*** INPUT DATA Section Begins ***

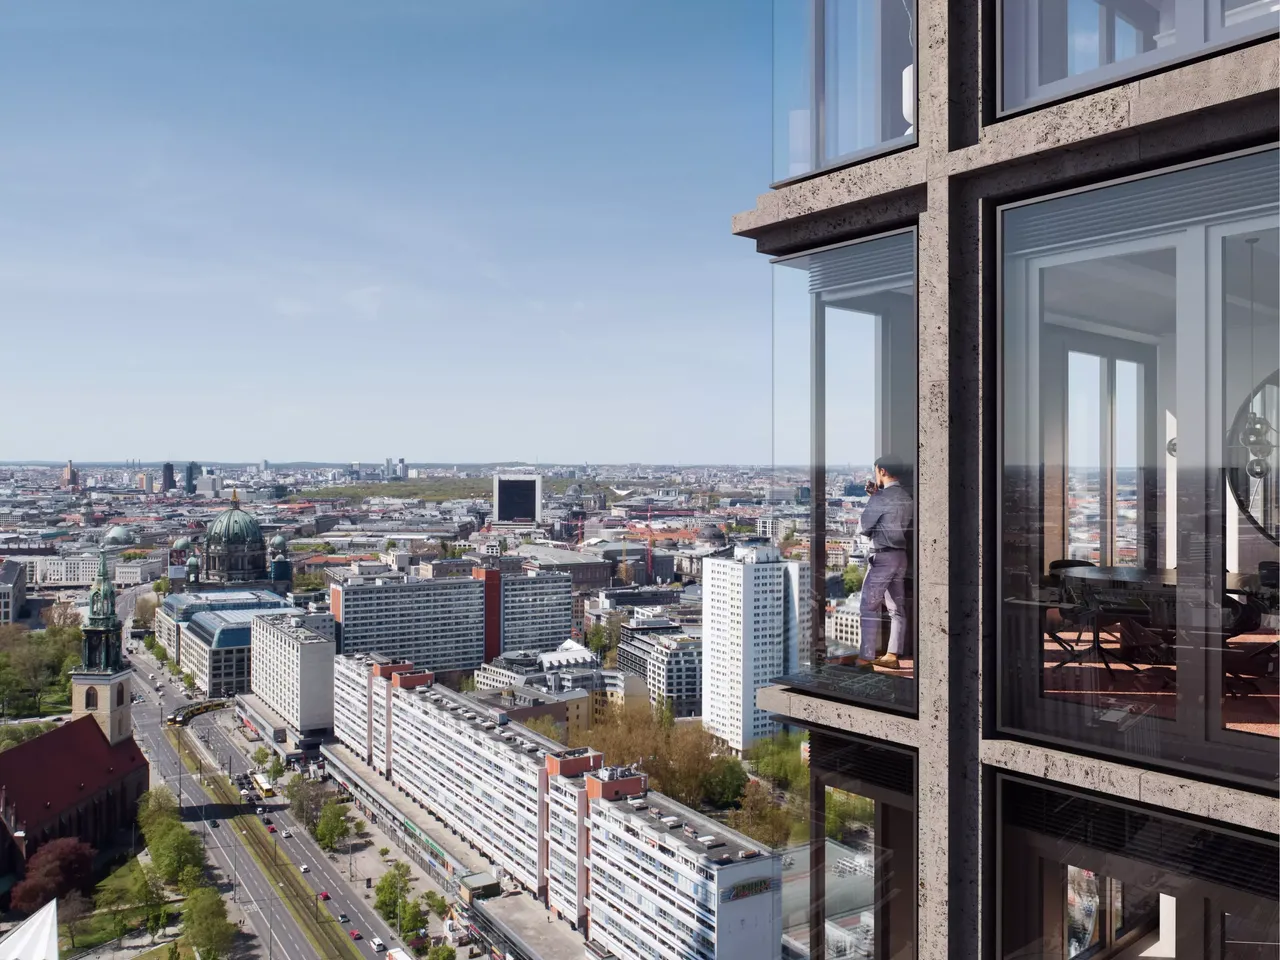 commerzreal-hausinvest-office-mynd-berlin-we375-visualisierung-exterior-11
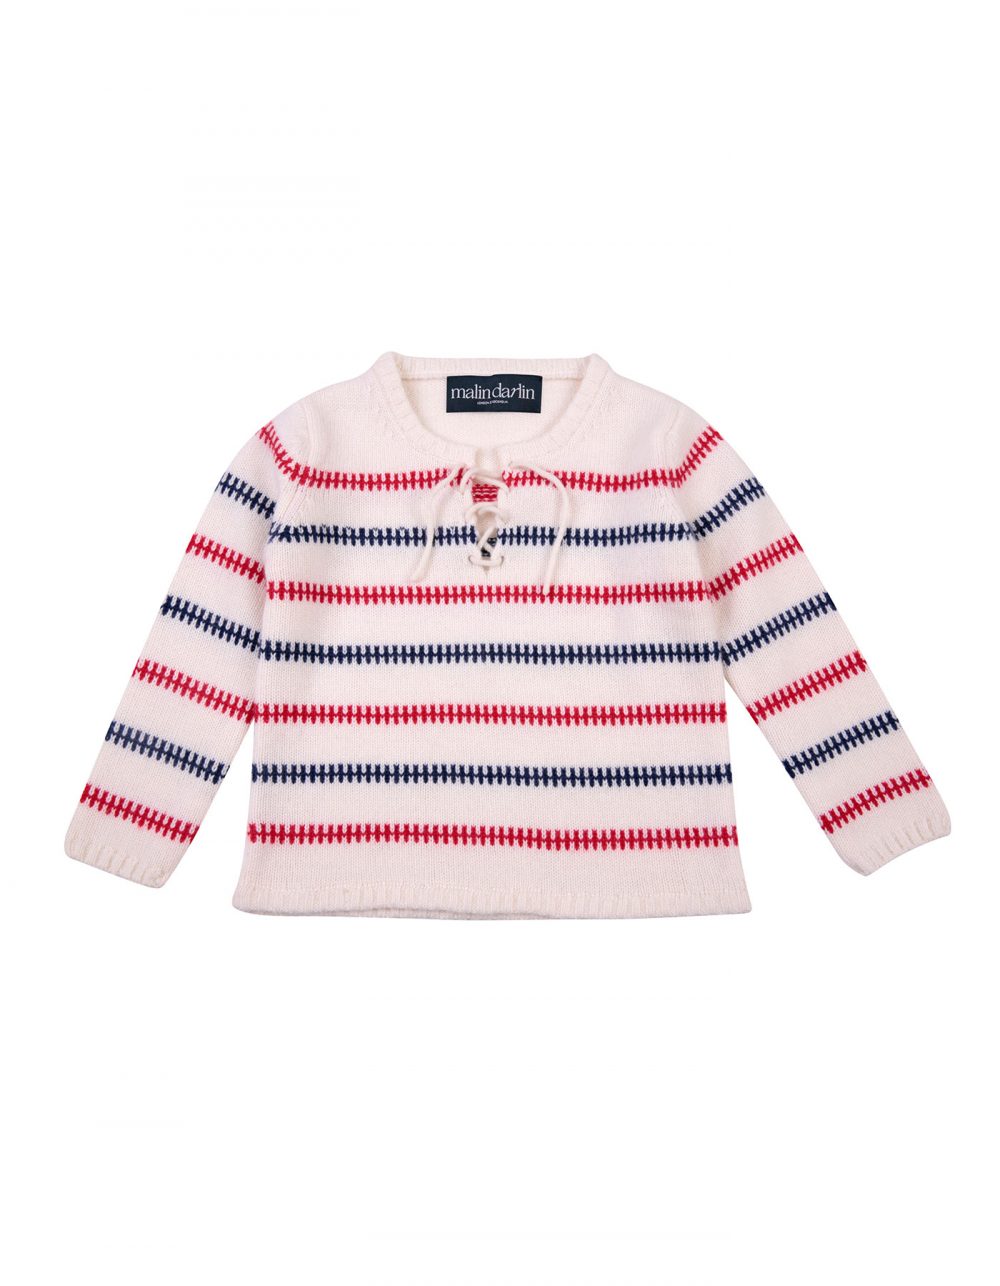 The Baby Fisher kids cashmere jumper laid flat against a white background.
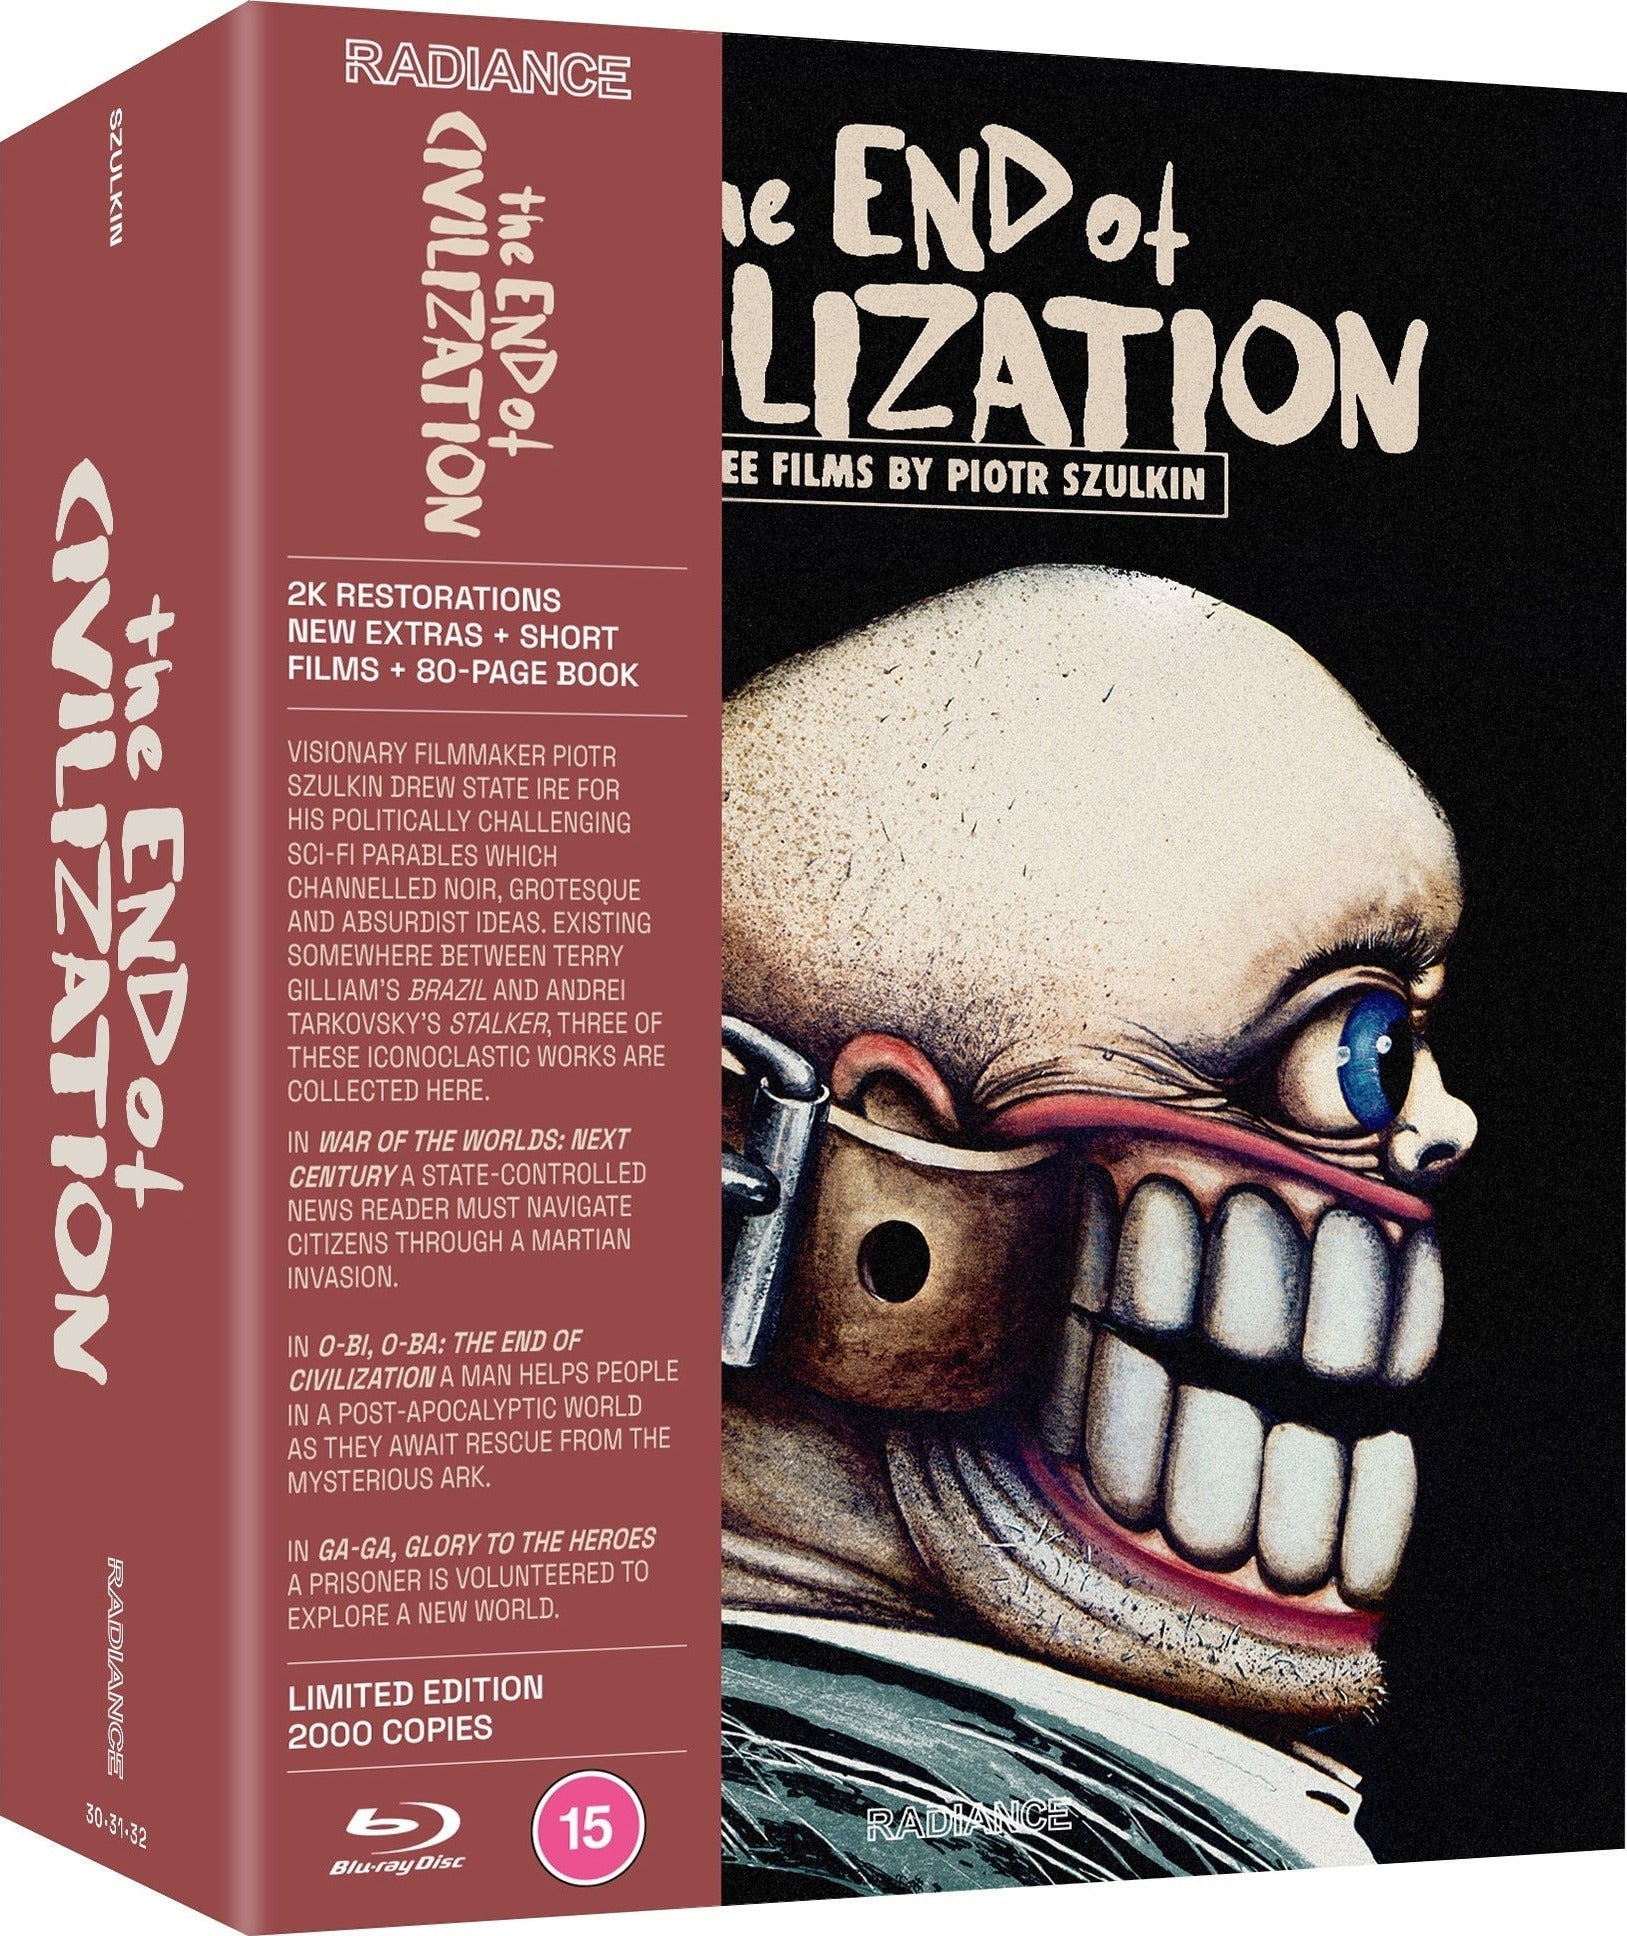 THE END OF CIVILIZATION: THREE FILMS BY PIOTR SZULKIN (REGION FREE IMPORT - LIMITED EDITION) BLU-RAY [SCRATCH AND DENT]
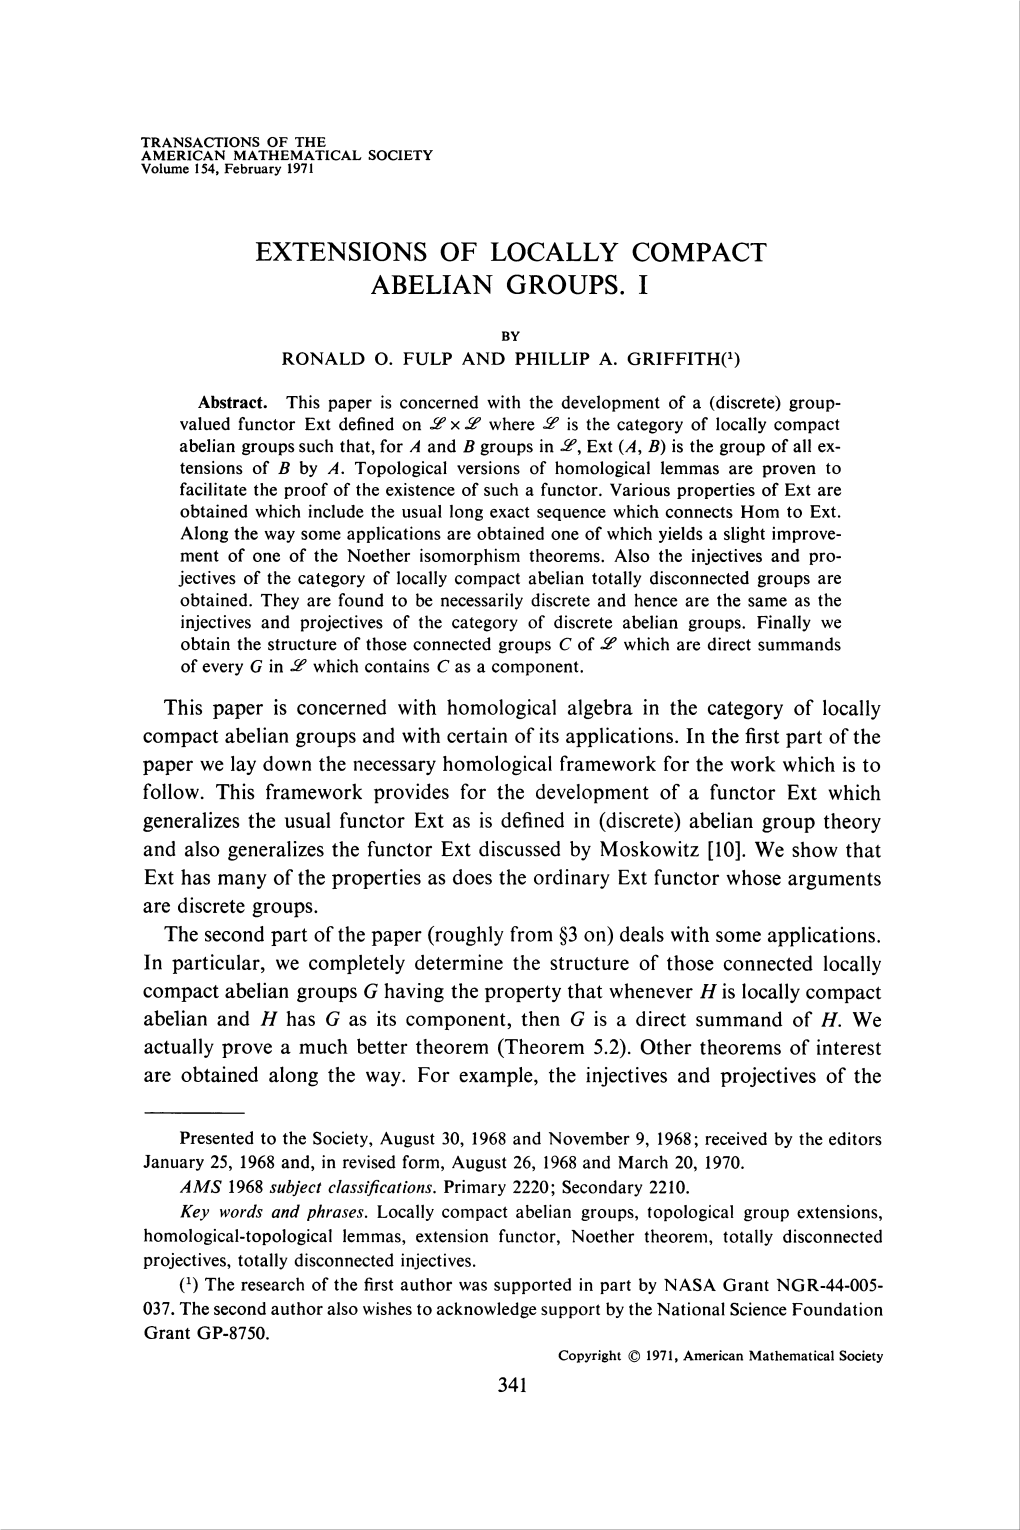 Extensions of Locally Compact Abelian Groups. I

*** INPUT DATA Section Ends ***

Only the lines from the one containing "The Baby Fisher" through the end of the listing should be output, word for word and inclusive; keep pictures out.

COMPLETED EXERCISE:
 The Baby Fisher kids cashmere jumper laid flat against a white background.
 THE END OF CIVILIZATION: THREE FILMS BY PIOTR SZULKIN (REGION FREE IMPORT - LIMITED EDITION) BLU-RAY [SCRATCH AND DENT]
 Extensions of Locally Compact Abelian Groups. I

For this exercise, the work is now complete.